A paper coauthored by over 112 researchers across 160 data and social science teams found that AI and statistical models, when used to predict six life outcomes for children, parents, and households, weren't very accurate even when trained on 13,000 data points from over 4,000 families.
It was particularly rubbish at predicting GPA, Grit, Eviction, Job Training, Layoffs, and Material Hardship so if governments try using AI to predict these things humanity could be in trouble. The report said the work is a cautionary tale on the use of predictive modeling, especially in the criminal justice system and social support programmes.
Co-lead author Matt Salganik, a professor of sociology at Princeton and interim director of the Center for Information Technology Policy at the Woodrow Wilson School of Public and International Affairs said: "Here's a setting where we have hundreds of participants and a rich data set, and even the best AI results are still not accurate.
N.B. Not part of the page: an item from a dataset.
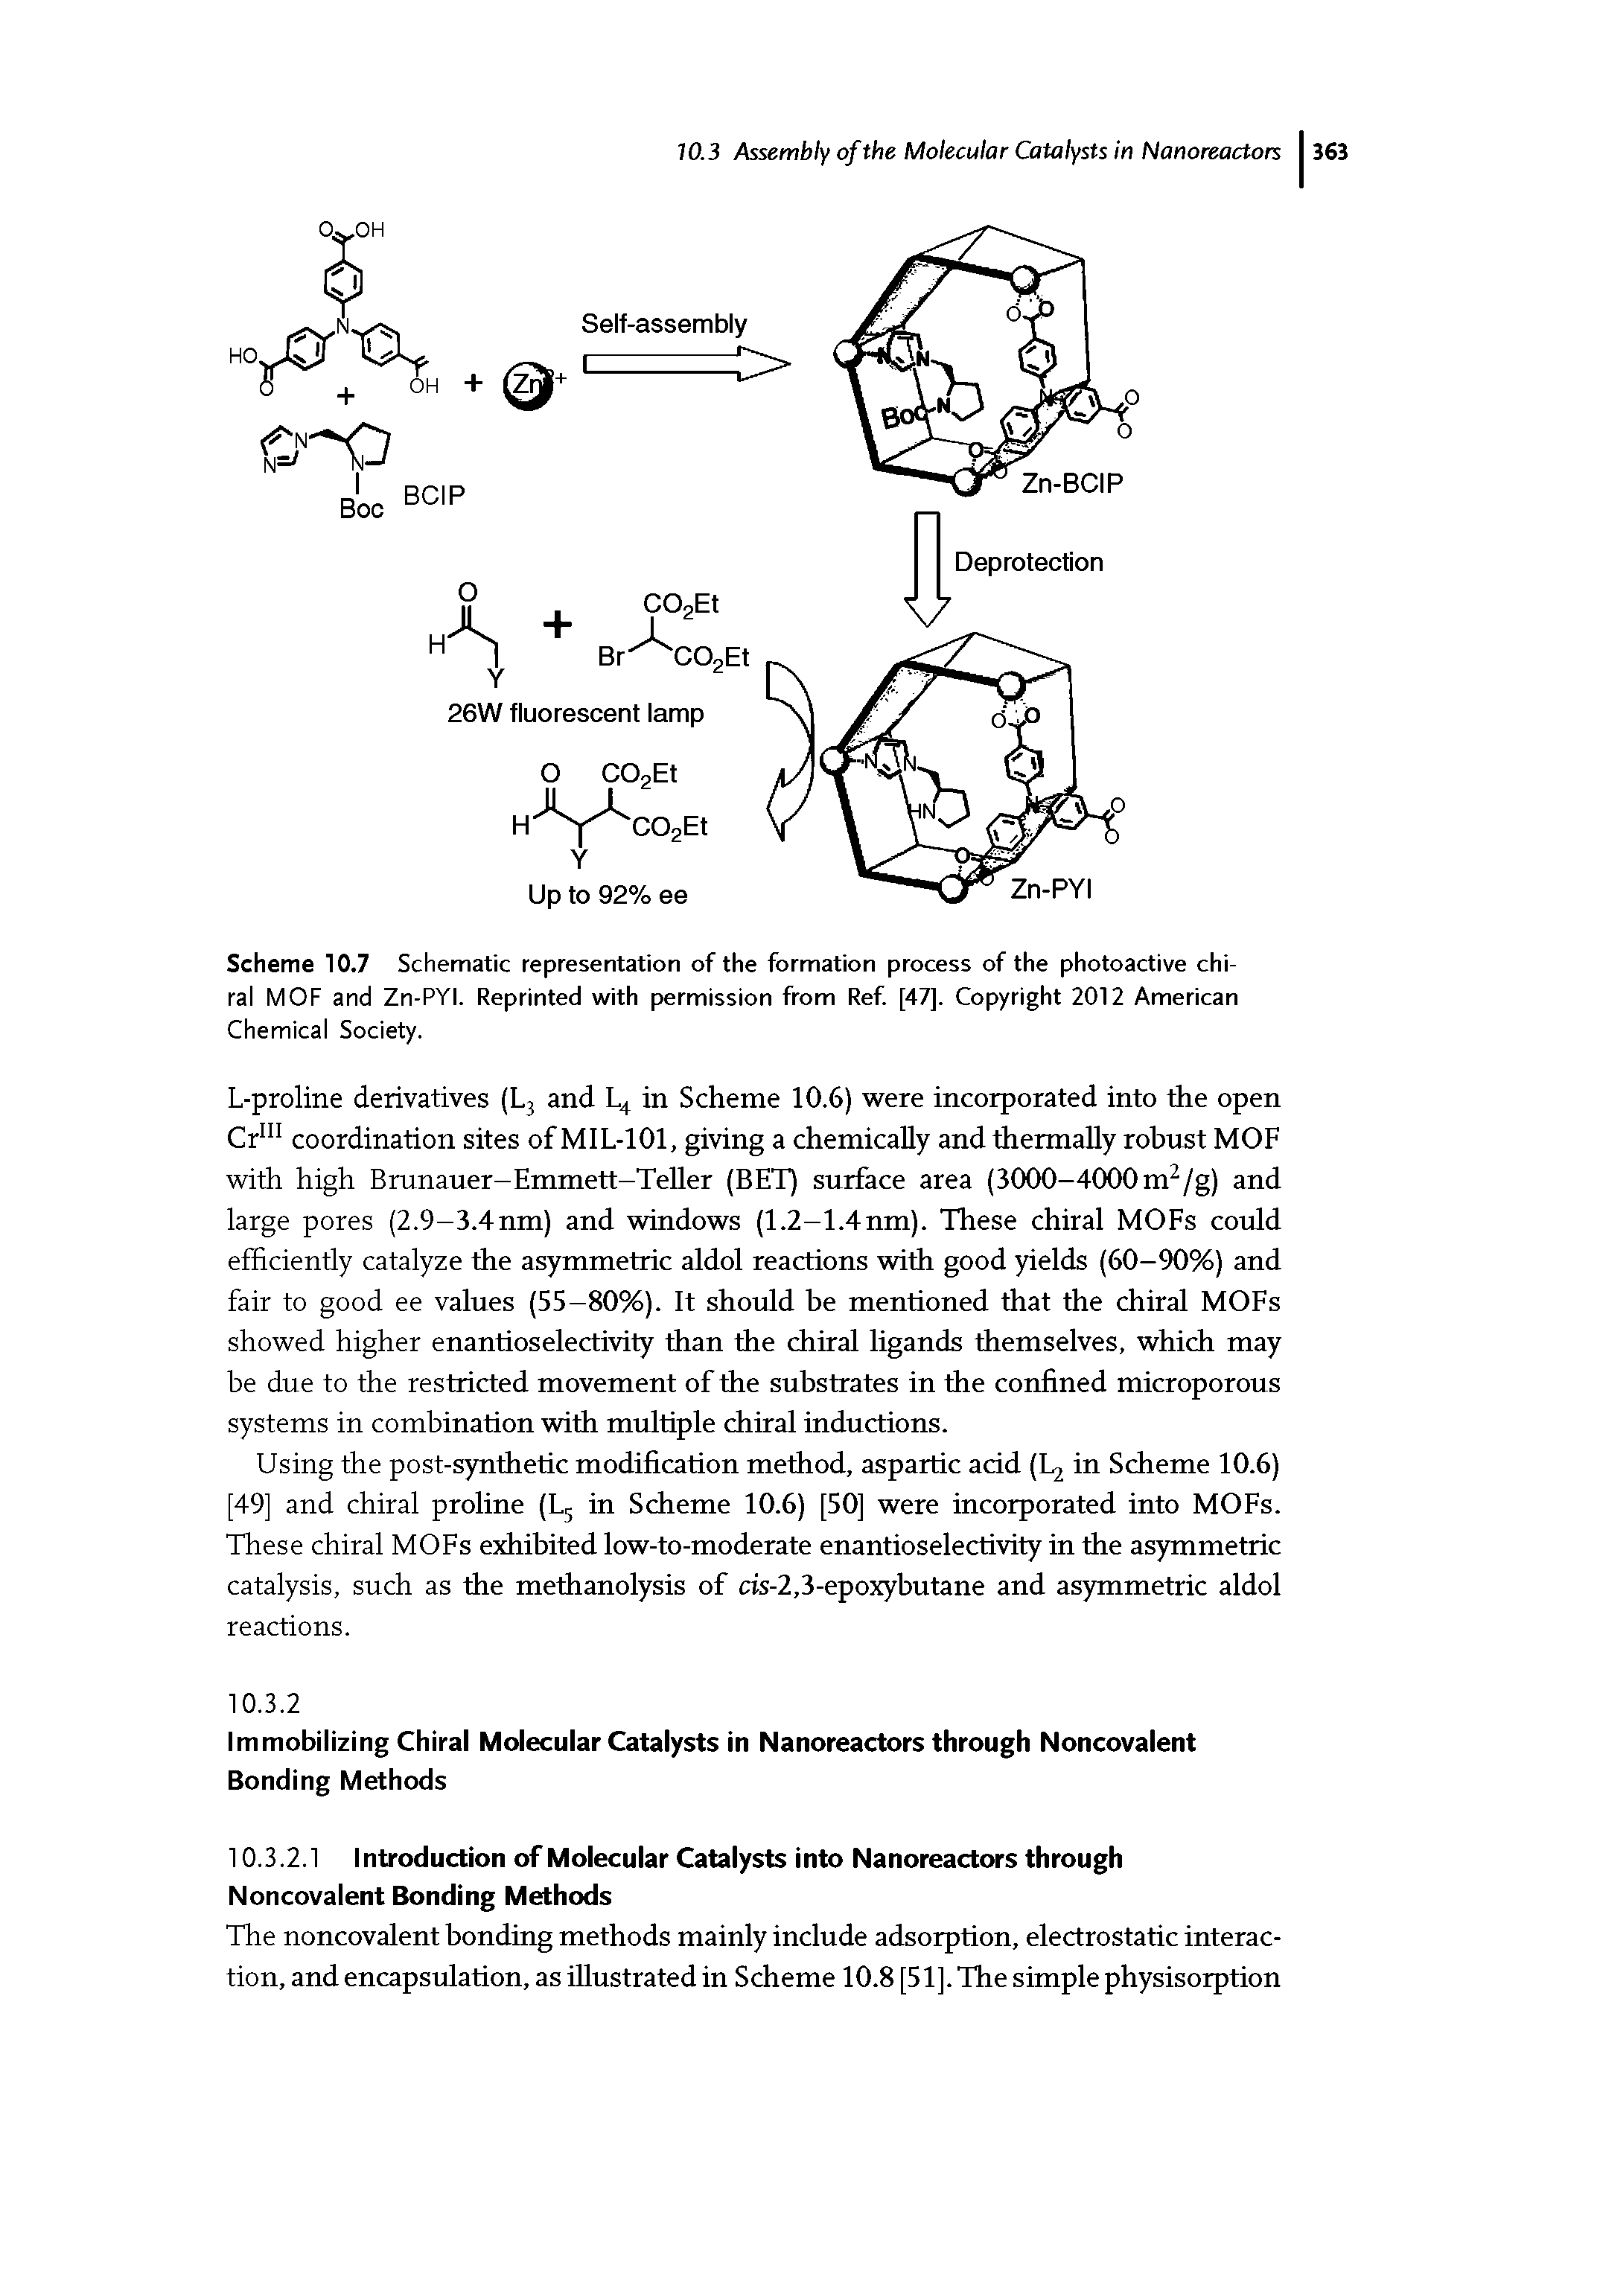 Scheme 10.7 Schematic representation of the formation process of the photoactive chiral MOF and Zn-PYI. Reprinted with permission from Ref. [47]. Copyright 2012 American...

These results show us that machine learning isn't magic; there are clearly other factors at play when it comes to predicting the life course."
The study which was published this week in the journal Proceedings of the National Academy of Sciences, is the fruit of the Fragile Families Challenge, a multi-year collaboration that sought to recruit researchers to complete a predictive task by predicting the same outcomes using the same data. Over 457 groups applied, of which 160 were selected to participate, and their predictions were evaluated with an error metric that assessed their ability to predict held-out data (i.e., data held by the organiser and not available to the participants).